As much as Fuentes has been a wedge issue for the Trump administration over the years, he is also the figure who has come closest to filling the void left by Kirk – and the memes seem to tell that exact story.

2018 email chain between Jeffrey Epstein and his brother Mark

In addition to Kirk, this month saw an even clearer example of how meme warfare can backfire: the emergence of memes showing Trump performing oral sex on former President Bill Clinton. The meme that flooded the internet after the emails were published is based on a newly released 2018 email chain between Jeffrey Epstein and his brother Mark, which claims there are images of Trump performing sexual acts on someone they call “Bubba” – a nickname often used for Clinton in the Epstein circle.

Mark Epstein has denied that “Bubba” is Clinton, and it is unclear how serious the original email was. Nevertheless, the memes spread rapidly and, like the Kirk images, were another piece of internet culture that the MAGA meme machine could neither adopt, reinterpret, nor subtly dogwhistle. Which is again a problem when people have spent years trying to brand conservatism as the “new punk rock,” as InfoWars contributor Paul Joseph Watson put it.

“I don’t think it’s real. It’s funny though.”

“I think a lot of these people realize that Trump is on the way out,” right-wing researcher and journalist Mike Rothschild tells Rolling Stone. “They realize that the clock is really ticking for Trump, and someone has to take the leadership of the movement.”

And the first step in taking over the movement is happening online – and is best seen in which memes are being shared and which are not. None of the major MAGA influencers have mentioned the viral rumor about Trump and Bubba. But Fuentes quickly addressed it on a livestream, laughing about it and telling his audience, “I don’t think that’s real. It’s funny, though.”

It’s a strong signal to angry young conservatives that MAGA now has standards and loyalties — and Fuentes doesn’t. MAGA no longer seems like an outsider movement when there is someone who positions themselves outside of it. Rothschild explains that Fuentes was once often ridiculed even within the right, but has become much more popular because he has found a space outside of MAGA from which he can more easily attack them.
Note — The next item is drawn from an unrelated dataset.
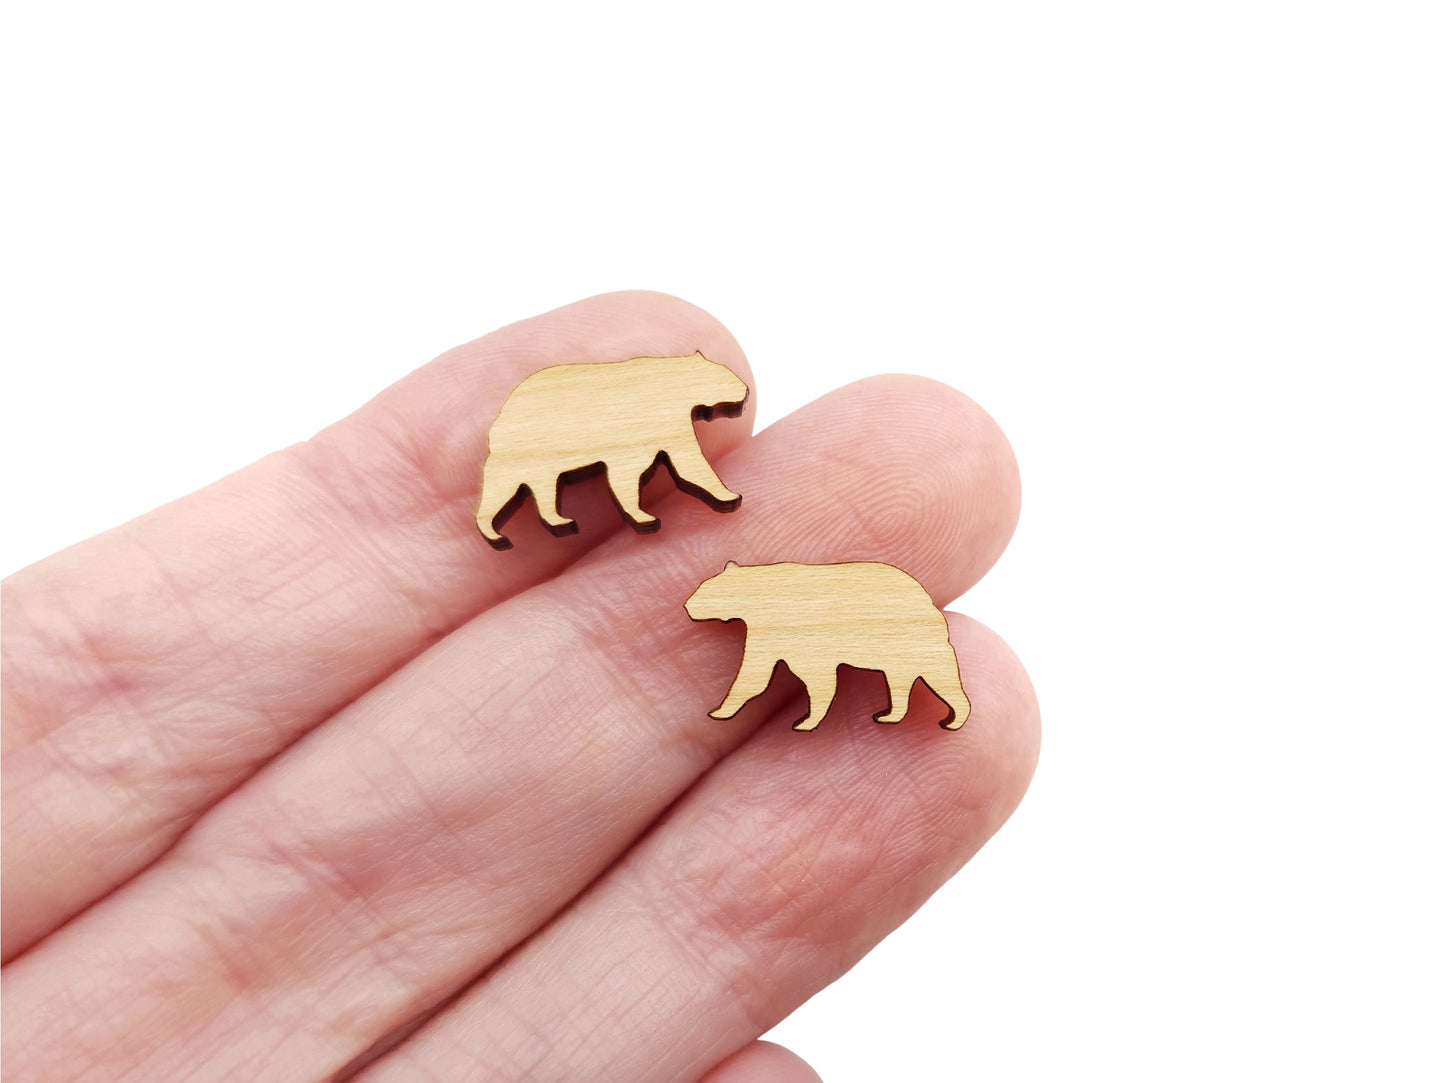 A hand holding a pair of wood and acrylic cabochon earring blanks cut in the shape of a bear

This race to the bottom only goes one way

“Content only gets attention if it’s completely over the top and ridiculously crazy,” says Rothschild. “So in a sense we’re all racing towards using this kind of crudeness for our own political ambitions.”

And the only way to win this race is to give in to everything that flashes across the screens – no matter who it offends. Even your own fellow conservatives. And this race to the bottom only leads in one direction: a Republican Party that is swallowed up by a wing that is even more extreme, hateful and nihilistic. And the question, at least for ordinary voters, is how far right can Republicans go before the average citizen is repulsed by them – like every other offensive meme in their feed.